1.3. Cryptographic software and certifications
Red Hat Enterprise Linux undergoes several security certifications, such as FIPS 140-2 or Common Criteria (CC), to ensure that industry best practices are followed.
The RHEL 8 core crypto components Knowledgebase article provides an overview of the Red Hat Enterprise Linux 8 core crypto components, documenting which are they, how are they selected, how are they integrated into the operating system, how do they support hardware security modules and smart cards, and how do crypto certifications apply to them.
1.4. Security controls
Computer security is often divided into three distinct main categories, commonly referred to as
These three broad categories define the main objectives of proper security implementation. Within these controls are sub-categories that further detail the controls and how to implement them.
1.4.1. Physical controls
Physical control is the implementation of security measures in a defined structure used to deter or prevent unauthorized access to sensitive material. Examples of physical controls are:
- Closed-circuit surveillance cameras
- Motion or thermal alarm systems
- Security guards
- Picture IDs
- Locked and dead-bolted steel doors
- Biometrics (includes fingerprint, voice, face, iris, handwriting, and other automated methods used to recognize individuals)
1.4.2. Technical controls
Technical controls use technology as a basis for controlling the access and usage of sensitive data throughout a physical structure and over a network. Technical controls are far-reaching in scope and encompass such technologies as:
- Smart cards
- Network authentication
- Access control lists (ACLs)
- File integrity auditing software
1.4.3. Administrative controls
Administrative controls define the human factors of security. They involve all levels of personnel within an organization and determine which users have access to what resources and information by such means as:
- Training and awareness
- Disaster preparedness and recovery plans
- Personnel recruitment and separation strategies
- Personnel registration and accounting
1.5. Vulnerability assessment
Given time, resources, and motivation, an attacker can break into nearly any system. All of the security procedures and technologies currently available cannot guarantee that any systems are completely safe from intrusion. Routers help secure gateways to the Internet. Firewalls help secure the edge of the network. Virtual Private Networks safely pass data in an encrypted stream. Intrusion detection systems warn you of malicious activity. However, the success of each of these technologies is dependent upon a number of variables, including:
- The expertise of the staff responsible for configuring, monitoring, and maintaining the technologies.
- The ability to patch and update services and kernels quickly and efficiently.
- The ability of those responsible to keep constant vigilance over the network.

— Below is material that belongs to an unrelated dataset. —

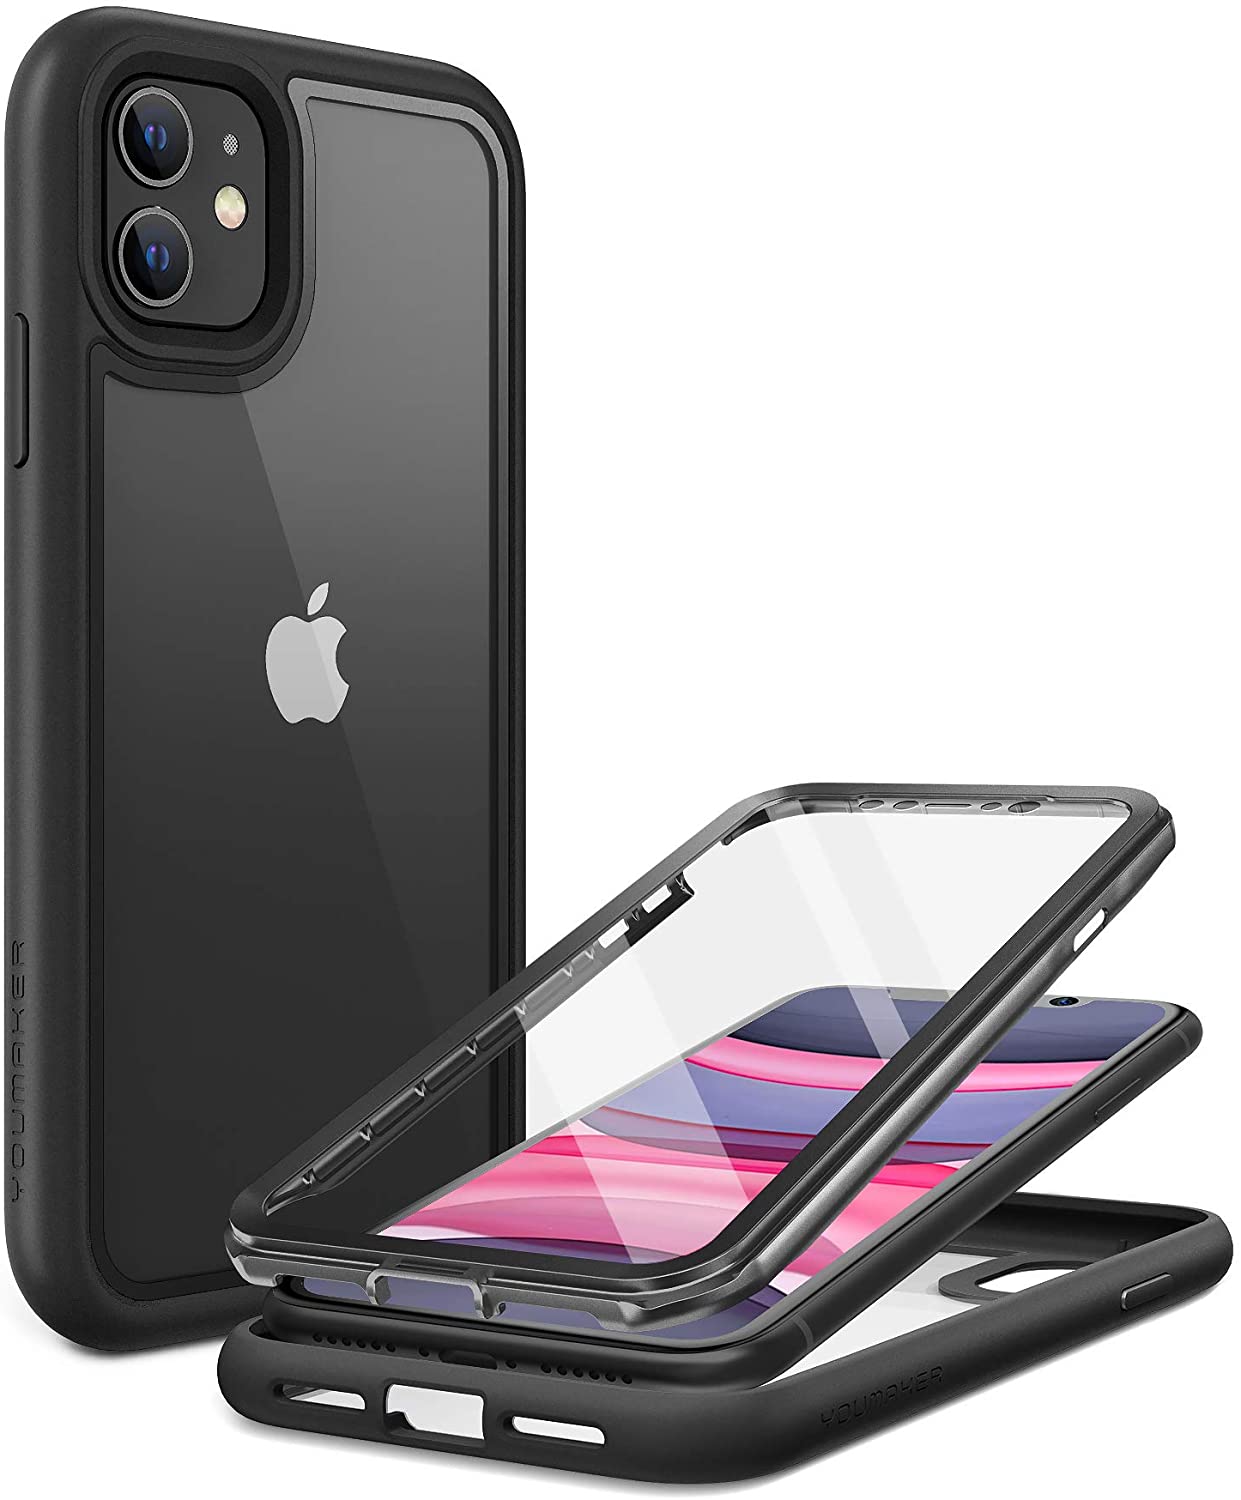 YOUMAKER Design for iPhone 11 Case, Built-in Screen Protector Full Body Rugged Heavy Duty. - e4cents

Given the dynamic state of data systems and technologies, securing corporate resources can be quite complex. Due to this complexity, it is often difficult to find expert resources for all of your systems. While it is possible to have personnel knowledgeable in many areas of information security at a high level, it is difficult to retain staff who are experts in more than a few subject areas. This is mainly because each subject area of information security requires constant attention and focus. Information security does not stand still.
A vulnerability assessment is an internal audit of your network and system security; the results of which indicate the confidentiality, integrity, and availability of your network. Typically, vulnerability assessment starts with a reconnaissance phase, during which important data regarding the target systems and resources is gathered. This phase leads to the system readiness phase, whereby the target is essentially checked for all known vulnerabilities. The readiness phase culminates in the reporting phase, where the findings are classified into categories of high, medium, and low risk; and methods for improving the security (or mitigating the risk of vulnerability) of the target are discussed
If you were to perform a vulnerability assessment of your home, you would likely check each door to your home to see if they are closed and locked. You would also check every window, making sure that they closed completely and latch correctly. This same concept applies to systems, networks, and electronic data. Malicious users are the thieves and vandals of your data. Focus on their tools, mentality, and motivations, and you can then react swiftly to their actions.
1.5.1. Defining assessment and testing
Vulnerability assessments may be broken down into one of two types: outside looking in and inside looking around.
When performing an outside-looking-in vulnerability assessment, you are attempting to compromise your systems from the outside. Being external to your company provides you with the cracker’s point of view. You see what a cracker sees — publicly-routable IP addresses, systems on your DMZ, external interfaces of your firewall, and more. DMZ stands for "demilitarized zone", which corresponds to a computer or small subnetwork that sits between a trusted internal network, such as a corporate private LAN, and an untrusted external network, such as the public Internet. Typically, the DMZ contains devices accessible to Internet traffic, such as web (HTTP) servers, FTP servers, SMTP (e-mail) servers and DNS servers.
When you perform an inside-looking-around vulnerability assessment, you are at an advantage since you are internal and your status is elevated to trusted. This is the point of view you and your co-workers have once logged on to your systems. You see print servers, file servers, databases, and other resources.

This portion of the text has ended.